We hold these truths
to be self-evident, that all men are created equal, that they are
endowed by their Creator with certain unalienable Rights, that among
these are Life, Liberty and the pursuit of Happiness. — That to secure
these rights, Governments are instituted among Men, deriving their just
powers from the consent of the governed, — That whenever any Form of
Government becomes destructive of these ends, it is the Right of the
People to alter or to abolish it, and to institute new Government,
laying its foundation on such principles and organizing its powers in
such form, as to them shall seem most likely to effect their Safety and
Happiness. Prudence, indeed, will dictate that Governments long
established should not be changed for light and transient causes; and
accordingly all experience hath shewn that mankind are more disposed to
suffer, while evils are sufferable than to right themselves by
abolishing the forms to which they are accustomed. But when a long train
of abuses and usurpations, pursuing invariably the same Object evinces a
design to reduce them under absolute Despotism, it is their right, it
is their duty, to throw off such Government, and to provide new Guards
for their future security. — Such has been the patient sufferance of
these Colonies; and such is now the necessity which constrains them to
alter their former Systems of Government. The history of the present
King of Great Britain is a history of repeated injuries and usurpations,
all having in direct object the establishment of an absolute Tyranny
over these States. To prove this, let Facts be submitted to a candid
world.
He has refused his Assent to Laws, the most wholesome and necessary for the public good.
He
has forbidden his Governors to pass Laws of immediate and pressing
importance, unless suspended in their operation till his Assent should
be obtained; and when so suspended, he has utterly neglected to attend
to them.
He has refused to pass other Laws for the accommodation
of large districts of people, unless those people would relinquish the
right of Representation in the Legislature, a right inestimable to them
and formidable to tyrants only.
He has called together
legislative bodies at places unusual, uncomfortable, and distant from
the depository of their Public Records, for the sole purpose of
fatiguing them into compliance with his measures.
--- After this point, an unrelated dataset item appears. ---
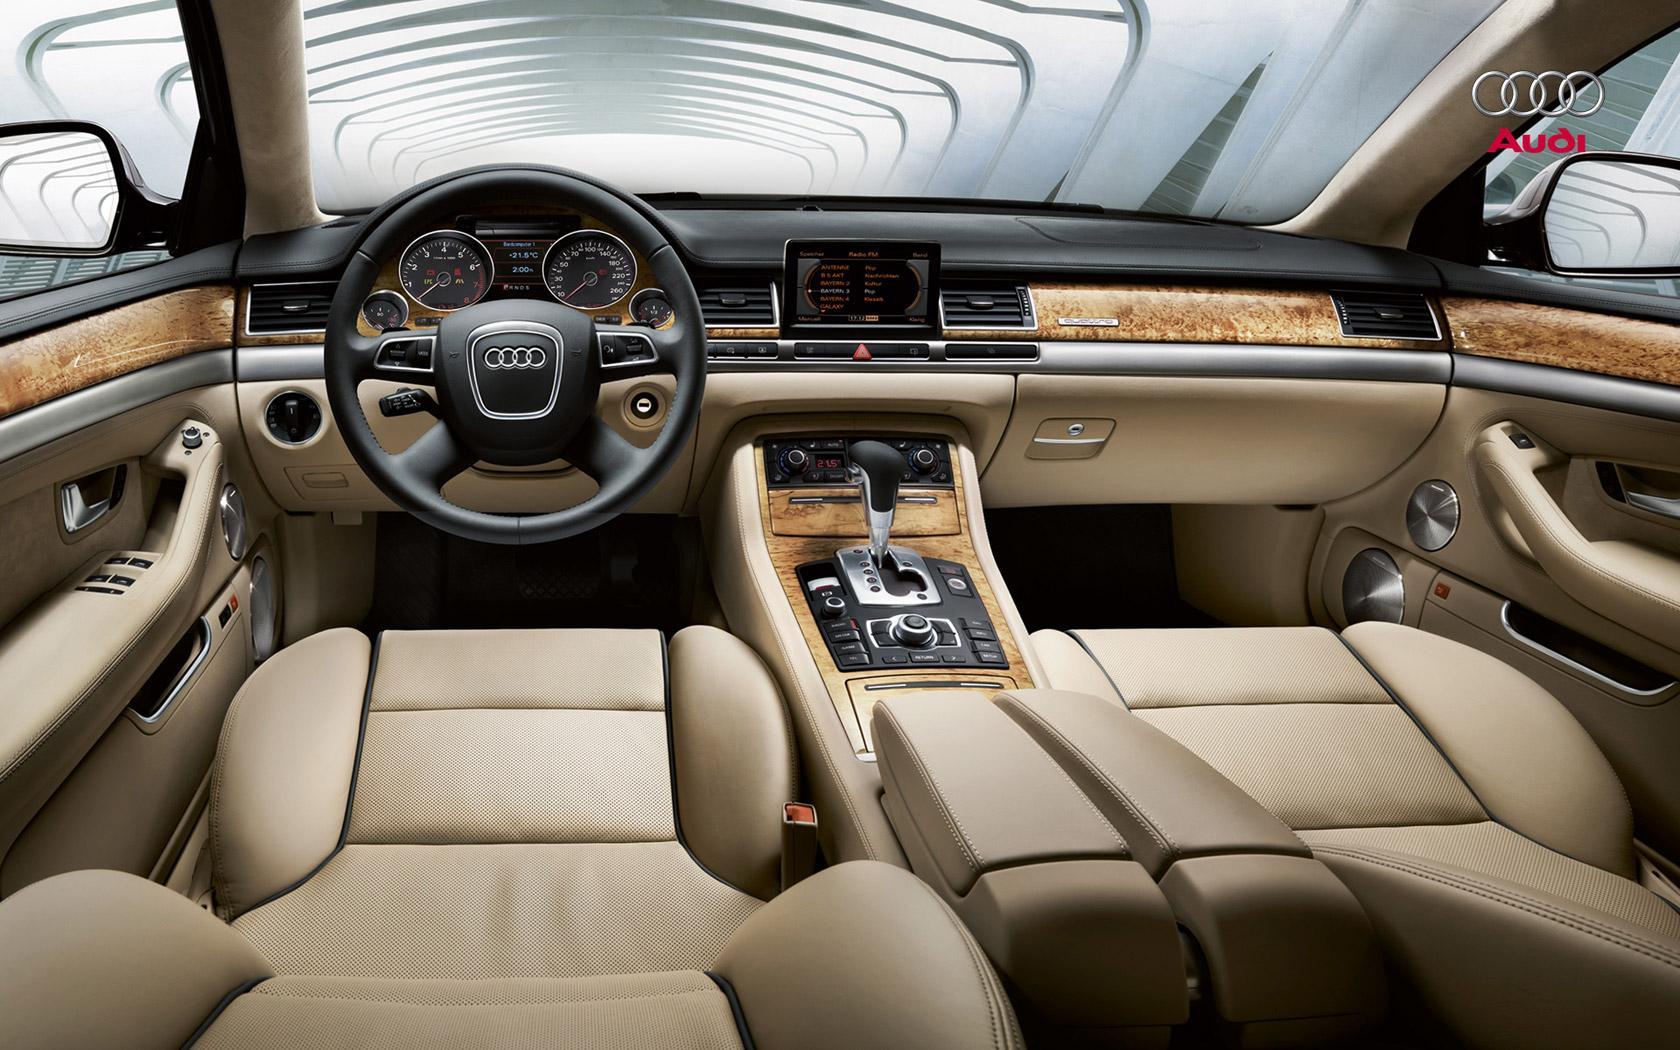 Audi-A8-D3-5.
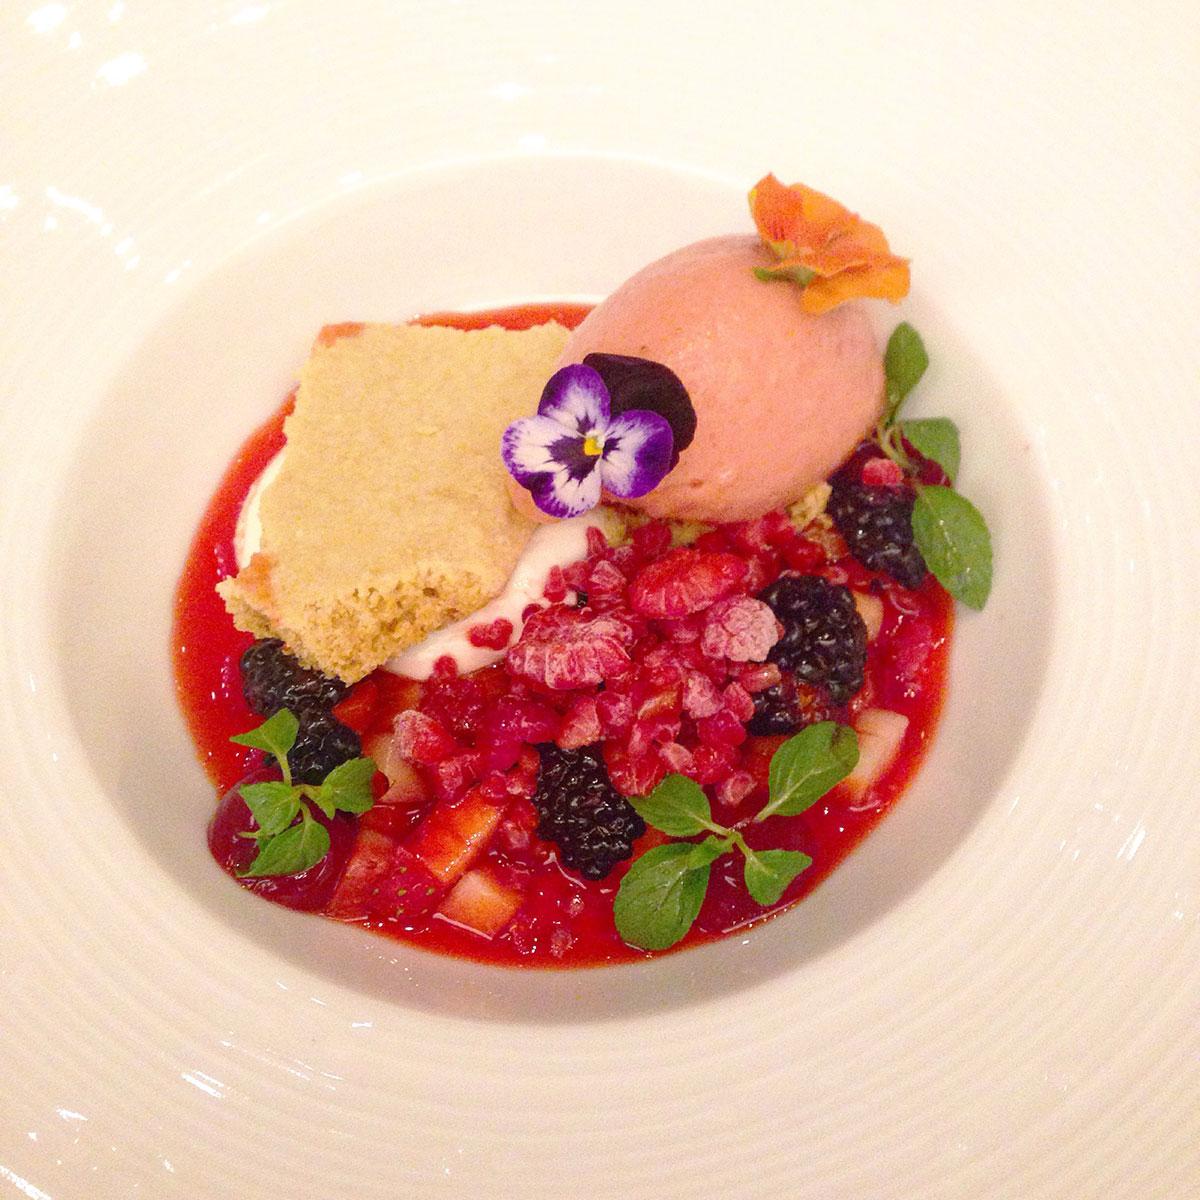 Caviar-Russe-Miami-Panna-cotta-strawberry

He has dissolved Representative Houses repeatedly, for opposing with manly firmness his invasions on the rights of the people.
He
has refused for a long time, after such dissolutions, to cause others
to be elected, whereby the Legislative Powers, incapable of
Annihilation, have returned to the People at large for their exercise;
the State remaining in the mean time exposed to all the dangers of
invasion from without, and convulsions within.
He has endeavoured
to prevent the population of these States; for that purpose obstructing
the Laws for Naturalization of Foreigners; refusing to pass others to
encourage their migrations hither, and raising the conditions of new
Appropriations of Lands.
He has obstructed the Administration of Justice by refusing his Assent to Laws for establishing Judiciary Powers.
He has made Judges dependent on his Will alone for the tenure of their offices, and the amount and payment of their salaries.
He has erected a multitude of New Offices, and sent hither swarms of Officers to harass our people and eat out their substance.
He has kept among us, in times of peace, Standing Armies without the Consent of our legislatures.
He has affected to render the Military independent of and superior to the Civil Power.
He
has combined with others to subject us to a jurisdiction foreign to our
constitution, and unacknowledged by our laws; giving his Assent to
their Acts of pretended Legislation:
For quartering large bodies of armed troops among us:
For
protecting them, by a mock Trial from punishment for any Murders which
they should commit on the Inhabitants of these States:
For cutting off our Trade with all parts of the world:
For imposing Taxes on us without our Consent:
For depriving us in many cases, of the benefit of Trial by Jury:
For transporting us beyond Seas to be tried for pretended offences:
For
abolishing the free System of English Laws in a neighbouring Province,
establishing therein an Arbitrary government, and enlarging its
Boundaries so as to render it at once an example and fit instrument for
introducing the same absolute rule into these Colonies
For taking away our Charters, abolishing our most valuable Laws and altering fundamentally the Forms of our Governments:
For suspending our own Legislatures, and declaring themselves invested with power to legislate for us in all cases whatsoever.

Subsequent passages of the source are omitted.